The Occupy Bank Is Coming

Carne Ross at “Occupy the Citi” Speakout, June 27, 2012 – VIDEOOriginal livestream page

INTRODUCTION

Carne Ross is the author of The Leaderless Revolution: How ordinary people will take power and change politics in the 21st century. As a senior UK diplomat, he stepped forward prior to the invasion of Iraq to testify that the basis for the coming war was false. Now based in New York City, he is working with other OWS members on planning and creating an Occupy Bank. The following is a transcript of his speech during the June 27th “Occupy the Citi” protest at the Citigroup Building in Long Island City. Carne’s presentation and the Q& A were recorded and livestreamed by Stopmotionsolo. The all-day protest was sponsored by Occupy Astoria LIC.

Carne Ross at “Occupy the Citi” Speakout, June 27, 2012 – TRANSCRIPT

CARNE ROSS: The values of our movement are the values that will guide society and economy and indeed our politics from here on in. After all what we believe in, in the Occupy movement – values of transparency, democracy and justice – are fundamental human values, which I think are shared by people worldwide. And the extraordinary attention that Occupy has gathered both in this country and worldwide – we have here a journalist from Le Monde, a senior journalist from Le Monde, he’ll report on what you guys are up to – illustrate the fundamental appeal to what the Occupy movement is doing. But it is not just about human values. To me it is also about the very construction of the economy and the construction of society, and the ways how we as human beings manage our world.

It’s pretty clear to me that with the emerging severe crises of economic volatilities, which are just as evident today as they were in 2008; of climate change, where we just had the Rio-plus-20 meeting down in Brazil, which utterly failed to provide a decent solution to one of the world’s greatest problems; to mounting inequality, which threatens to rend our very societies at their core; things are in crisis, capitalism is in crisis, our democracy is in crisis. It has to change. It cannot go on as it is now.

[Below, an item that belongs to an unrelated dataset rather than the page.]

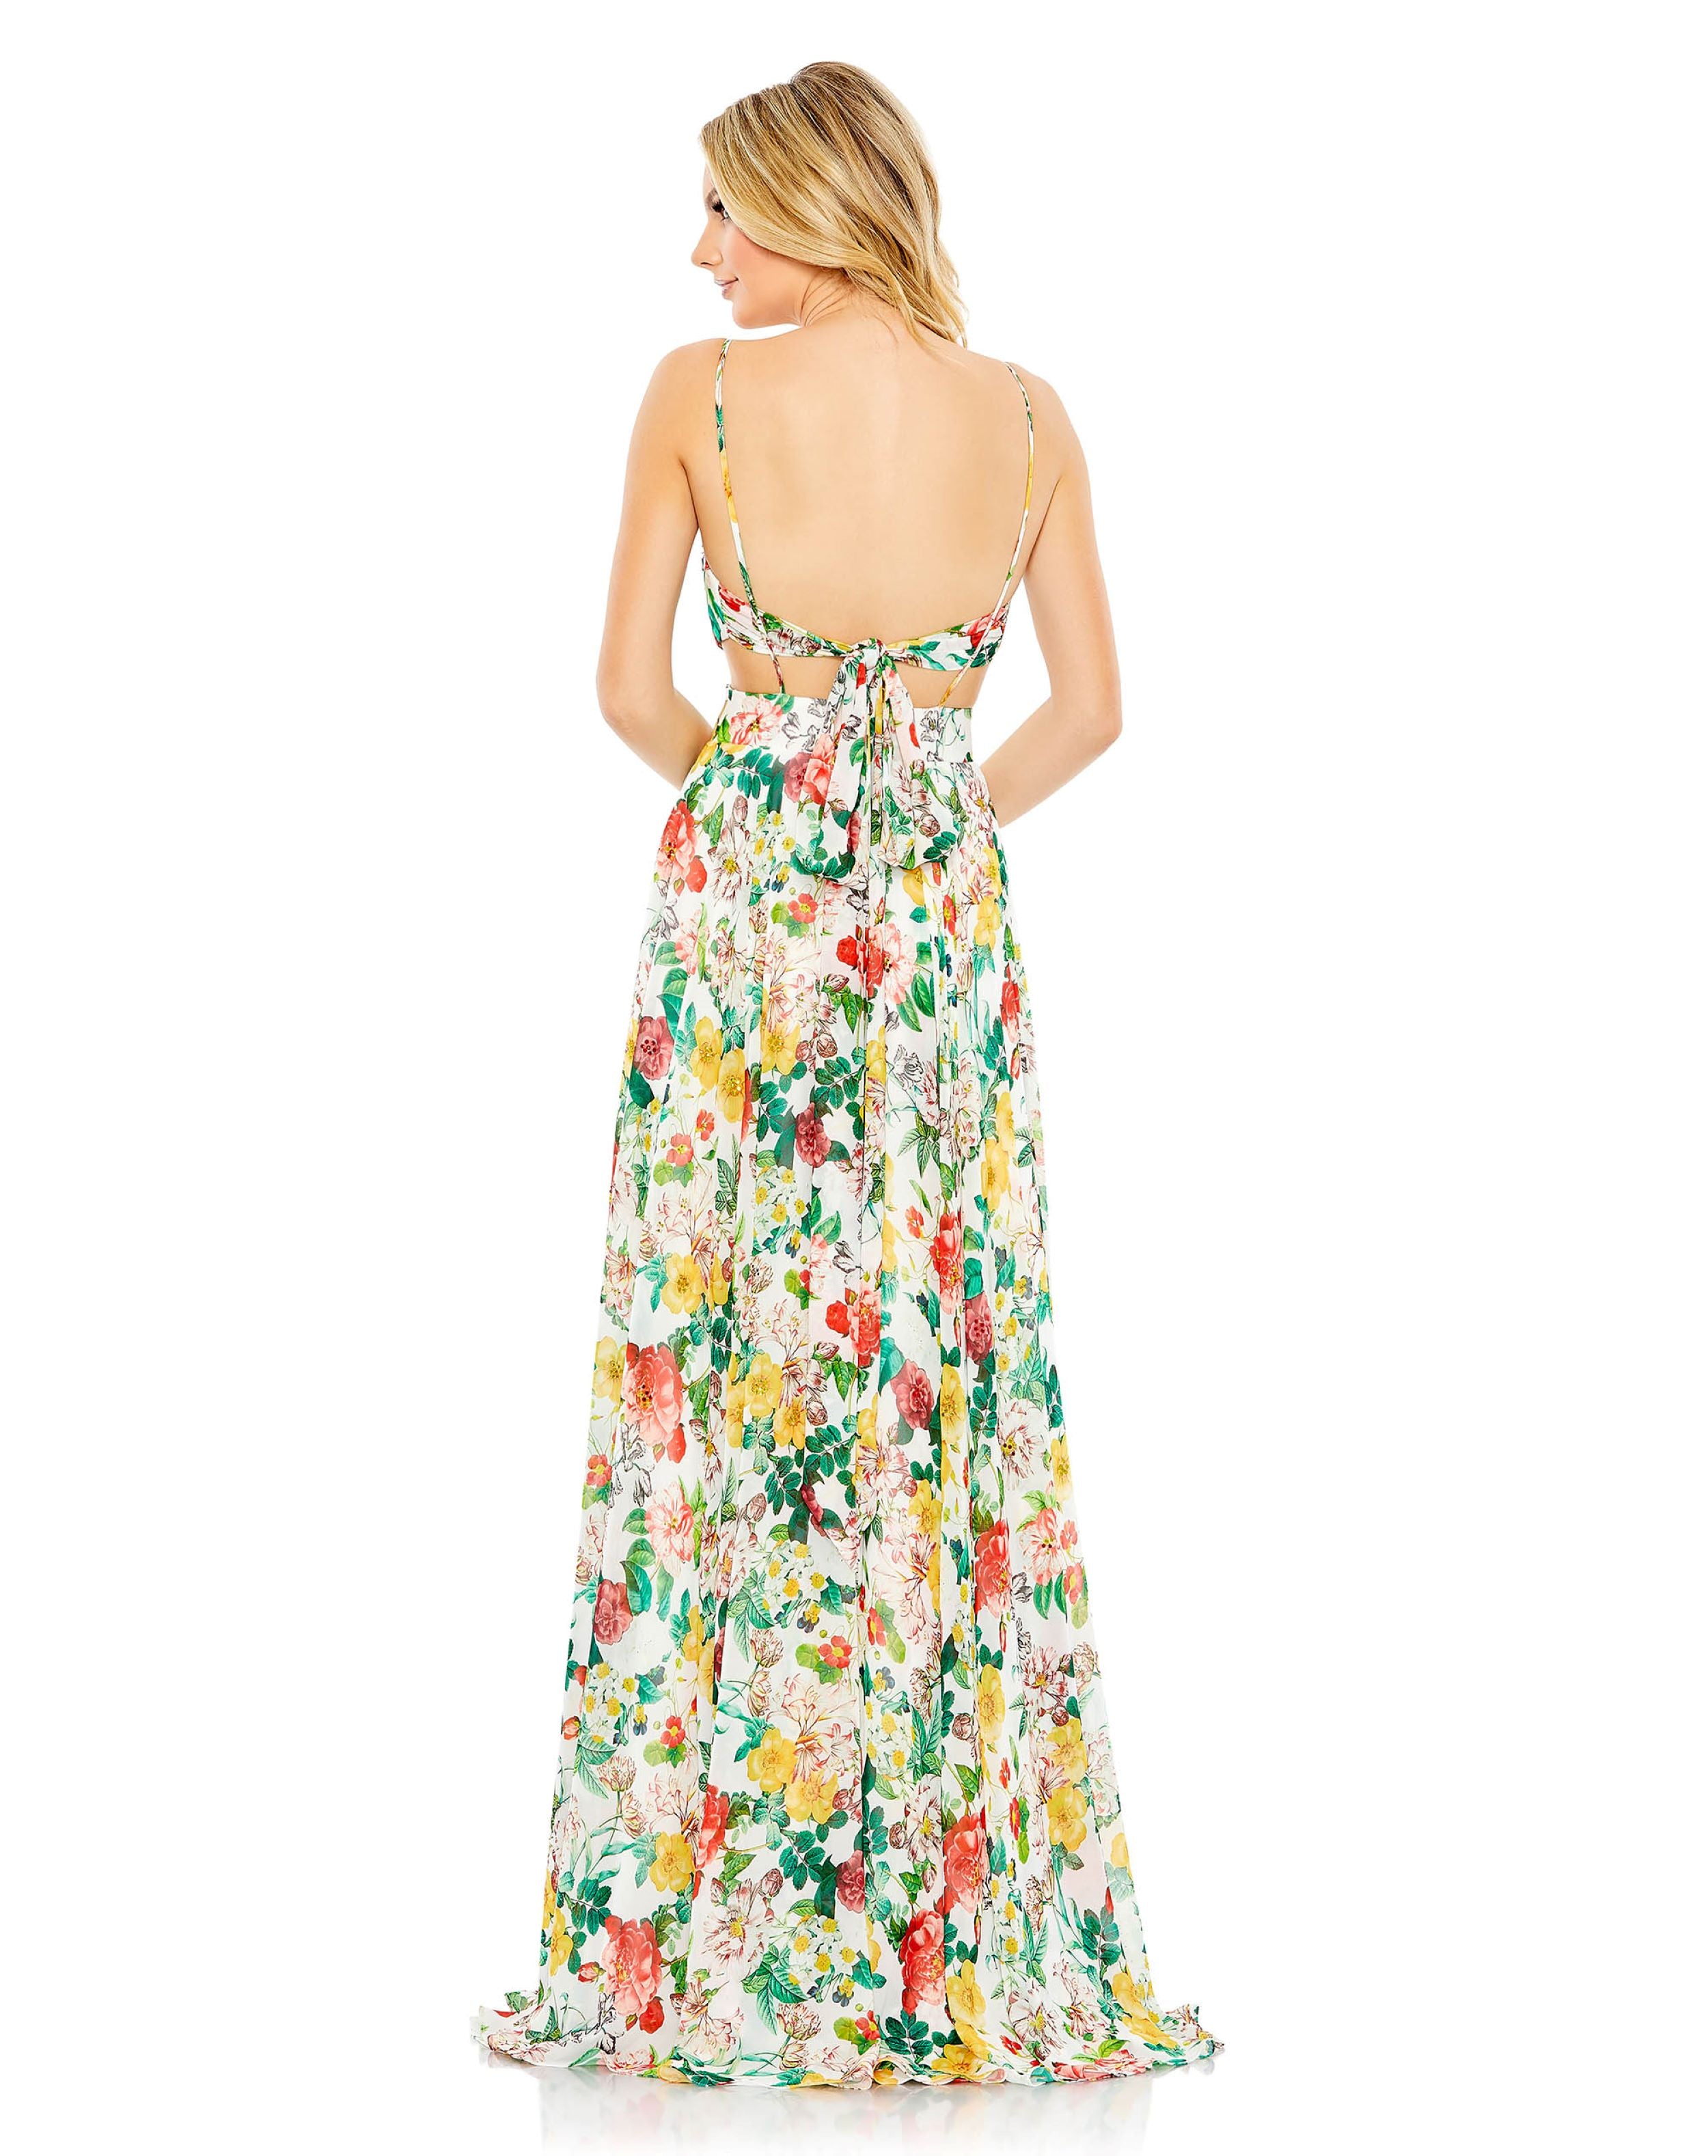 Floral Print Cut Out Soft Tie Back A Line Gown | Sample | Sz. 4

And the things we are talking about in Occupy are in my view the only way that we can restore society, that we can restore the economy and indeed our politics, not just to something fair and democratic, but to something that will work, to something that is actually sustainable. And I think these ideas through the Occupy movement – but they’re also emerging elsewhere in the world – are starting to filter out. People are starting to get it. In Spain, in Britain, in Europe, even in the Far East, China, Japan, people are starting to get the message that the current model is not working and something better is emerging. And we are part of that vanguard. And it’s such a privilege to be here, to be part of the Occupy movement and part of that vanguard movement. We will remember this.

Citicorp Building (original name) was built in late 1980s

Citicorp Building (original name) was built in the late 1980s, circumventing zoning laws for a neighborhood where no building was more than 10 stories. In exchange, the owners had to provide a privately-owned public space (POP).

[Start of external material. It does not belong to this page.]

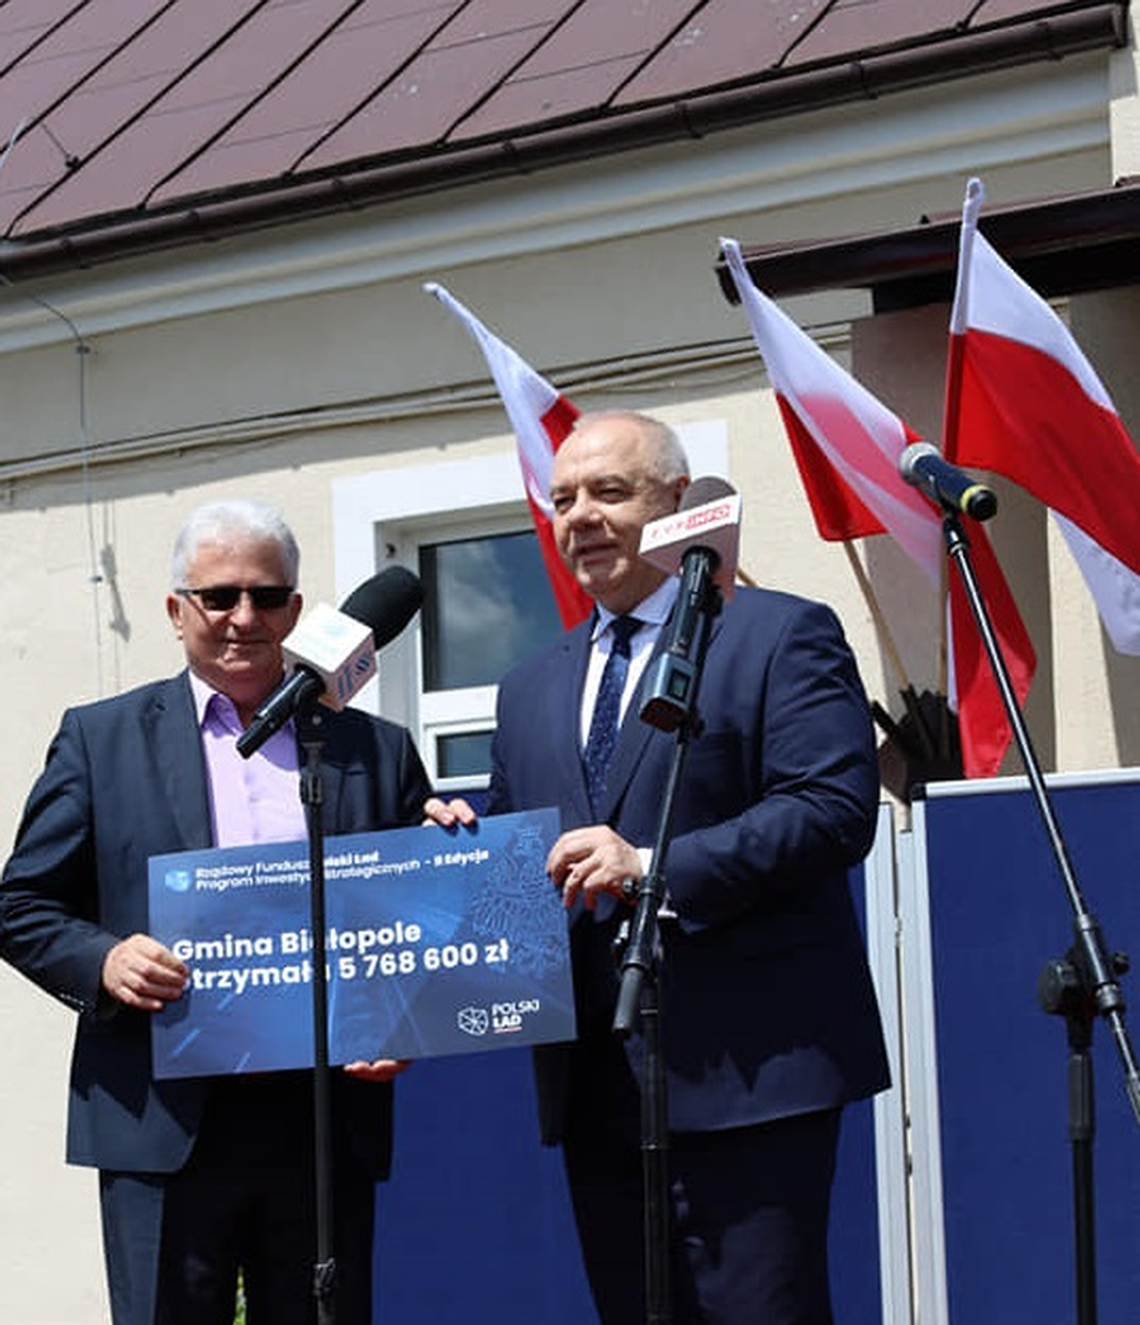 Białopole dostało 5 768 000 zł. Jakie inwestycje planuje gmina?

Anyway, to banking. Sounds sometimes rather boring but in some ways it’s fundamental. If you take an analysis of what happened in 2008 and the banking crisis, I think we all know what took place. I don’t think anyone needs reminding of the fundamentals of that situation. The banks engaged in reckless behavior, threw out huge losses, created immense risk, not only to the US economy but also the global economy. They had to be bailed out from everybody else, and the taxpayer to the unemployed but above all the poor are paying the price. Everyone is familiar with the fundamental contours of what happened.

But what is it about banking, the industry itself, that helped cause this? And what do we need to do about banking, these people, this institution? I hesitate, I stress institution rather than the people because I don’t think bankers are fundamentally evil or bad people, or any worse or any better than the rest of us. But the system in which they work forces them to take part in behaviors and activities which are fundamentally risky to the overall economy, and produce fundamental injustice.

Why is that? Banks are private, for-profit institutions. They are forced to compete with each other. One of the ways they must compete with each other is by creating new financial products that competitors do not have. If they do not innovate these new products they probably will fall behind other banks. Their stock prices will fall, they will be taken over by their competitors, they will cease to exist. The Darwininan logic of the modern economy works on banks as powerfully as it works on anyone else. And this is one of the factors that lay behind the 2008 banking crisis.

JP Morgan innovated the credit default swaps in response to a severe threat to its very existence. [JPM is widely credited with inventing the modern form of CDS instruments in 1994. – Ed.] The losses at JP Morgan made them worried that JP Morgan would be taken over. Their capitalization was falling relative to other banks. They were at severe risk of takeover if they did not innovate new kinds of products. And CDS’s were one of the consequences. A group of bankers went down for the weekend to Miami, and they dreamt up this financial instrument called the credit default swap, which was basically about slicing and dicing risk, selling it on to other purchasers, to spread risk. The idea was to reduce risk [...]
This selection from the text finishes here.